Gustavo de L. T. Oliveira

On Christmas Eve 2018, the recently appointed and soon-to-be Minister of Foreign Affairs of Brazil, Ernesto Araújo, declared on his blog: “Something is happening in Brazil, placing us in the vanguard of a world process.” The event unfolding was the election of Jair Bolsonaro as president of Brazil, and this global process to which Bolsonaro’ election contributed is  the resurgence of fascism, which Araújo characterized as the rediscovery of nationalism and the emancipation of “God himself.” Araújo’s appointment was unusual, given that he was a relatively obscure career diplomat, and he had not been nominated for this position by anyone in the Brazilian political establishment or diplomatic corps. Instead, Araújo was favored by Olavo de Carvalho, an influential astrologer and neofascist ideologue who prominently supported Bolsonaro’s candidacy, and who was impressed by an essay that Araújo had written the previous year celebrating Donald Trump’s Western chauvinism and calling for Brazil to join that “pan-nationalist” movement (Araújo 2017).
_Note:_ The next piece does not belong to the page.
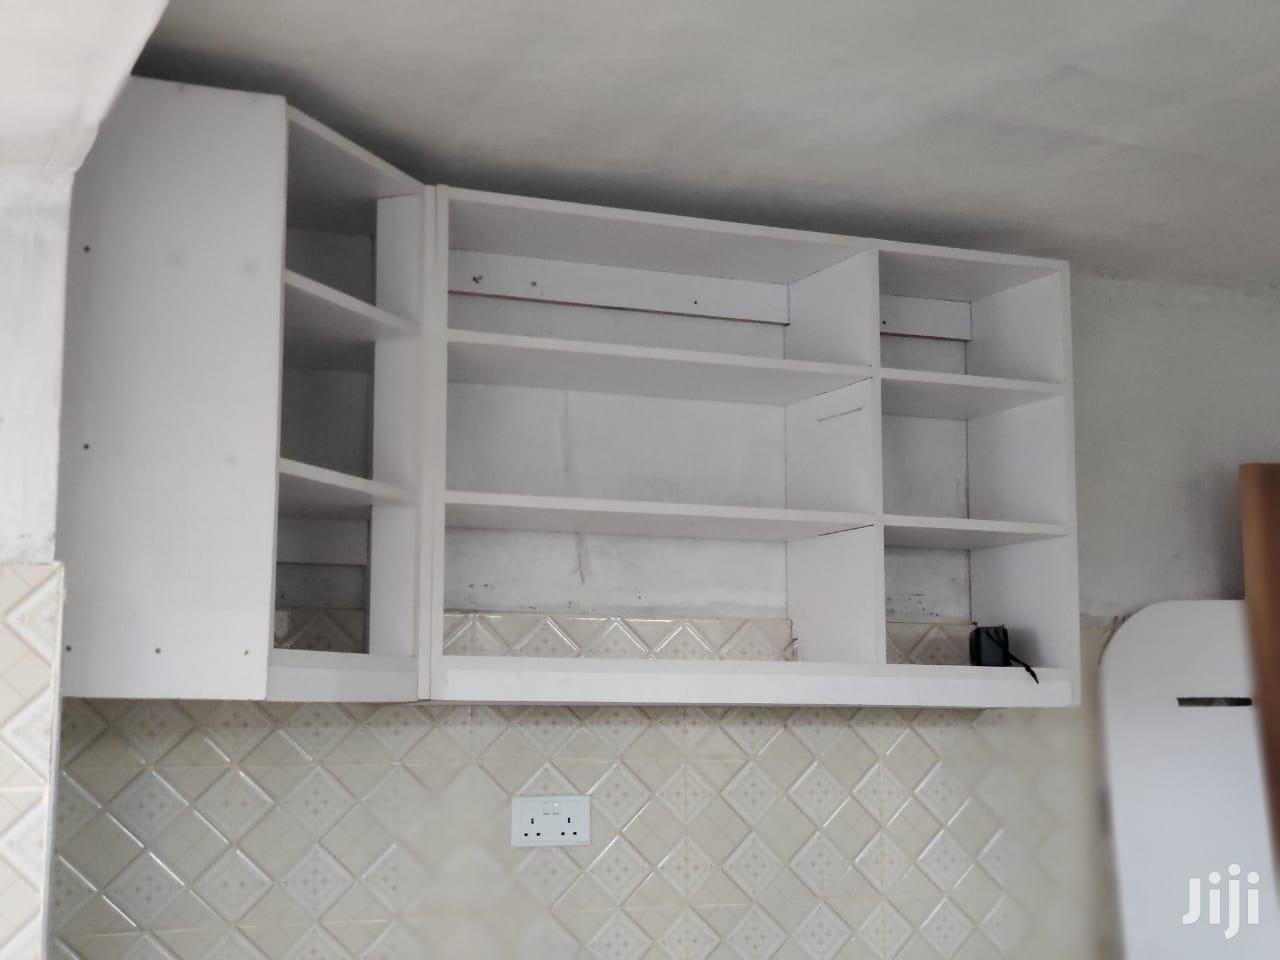 4 Bedroom House For Sale In Matangi Ruiru. | Houses & Apartments For Sale for sale in Ruiru, Kiambu, Kenya

According to Araújo’s view, “the West” here does not refer simply to the liberal-democratic and capitalist geopolitical bloc that struggled against Soviet and Chinese communism during the twentieth-century Cold War, but rather to a much deeper cultural and spiritual entity that reaches back to ancient Greece and Christianity, and finds its best expressions in Nazi ideologues like Heidegger and, above all, the foreign policy of Donald Trump (ibid.). In this perspective, the “real enemy” is not a state like Russia or China, therefore, but a spiritual force of “nihilism” and “post-modernism”, driven by a “globalist cultural Marxism” (ibid.). Nonetheless, when Araújo started his blog during the 2018 election in Brazil to promote himself (rather unprofessionally, one should add) as a spokesperson for the Western chauvinist foreign policy that Bolsonaro was parroting from Trump, the contours of a discourse about a “New Cold War” between “the West” (led by Trump) and China became increasingly evident. I contend the purpose of this discourse was and remains primarily to slander the Workers’ Party that ruled Brazil from 2003 to 2015 and the rest of Brazilian and internationalist Left in general, through a sloppy rendition of Cold War fear-mongering that stokes neofascist nationalism.1

This is best exemplified in a burst of blogposts written the week prior to the first round of the 2018 elections, where Araújo describes the Workers’ Party presidential candidate (Fernando Haddad) and ex-president (Lula da Silva) as “poles” in a transmission line, alongside Nicolás Maduro and Hugo Chavez from Venezuela, and the Argentinian philosopher Ernesto Laclau, leading ultimately to “Maoism”, which is the “pole of Hell.” With power lines standing in for the older domino theory, even the watered-down social democratic policies of the contemporary Workers’ Party of Brazil are being described literally as the Marxist conduits from “Maoism” to “Hell.” And if there was any doubt that Araújo’s mention of Maoism wasn’t merely historical or theoretical, in another blogpost from two days earlier he made it explicit that “what is at stake” for “humanity” is “the struggle for the economic and political sovereignty of the countries, against the domination of production chains and the monopoly over the circulation of information by a nihilist transnational elite, against a globalized Maoist-capitalist economy centered upon China.” How to make sense of the paradoxical role of “capitalist Maoism”, one might ask? In another blog post that same week, Araújo narrated the history of the Left from Robespierre to the Workers Party in Brazil as a sweeping march of “globalist terror”, suggesting the “Maoist regime” in China created “a system of domination that remains until today, disguised as pragmatism and economic opening up.” In this perspective, “the Left is, fundamentally, a program of social and mental domination and control of the human species”, and thus the neofascist candidacy of Bolsonaro that Araújo was promoting could be cast as necessary for saving not only the Brazilian nation, but even humanity itself in this new spiritual Cold War. 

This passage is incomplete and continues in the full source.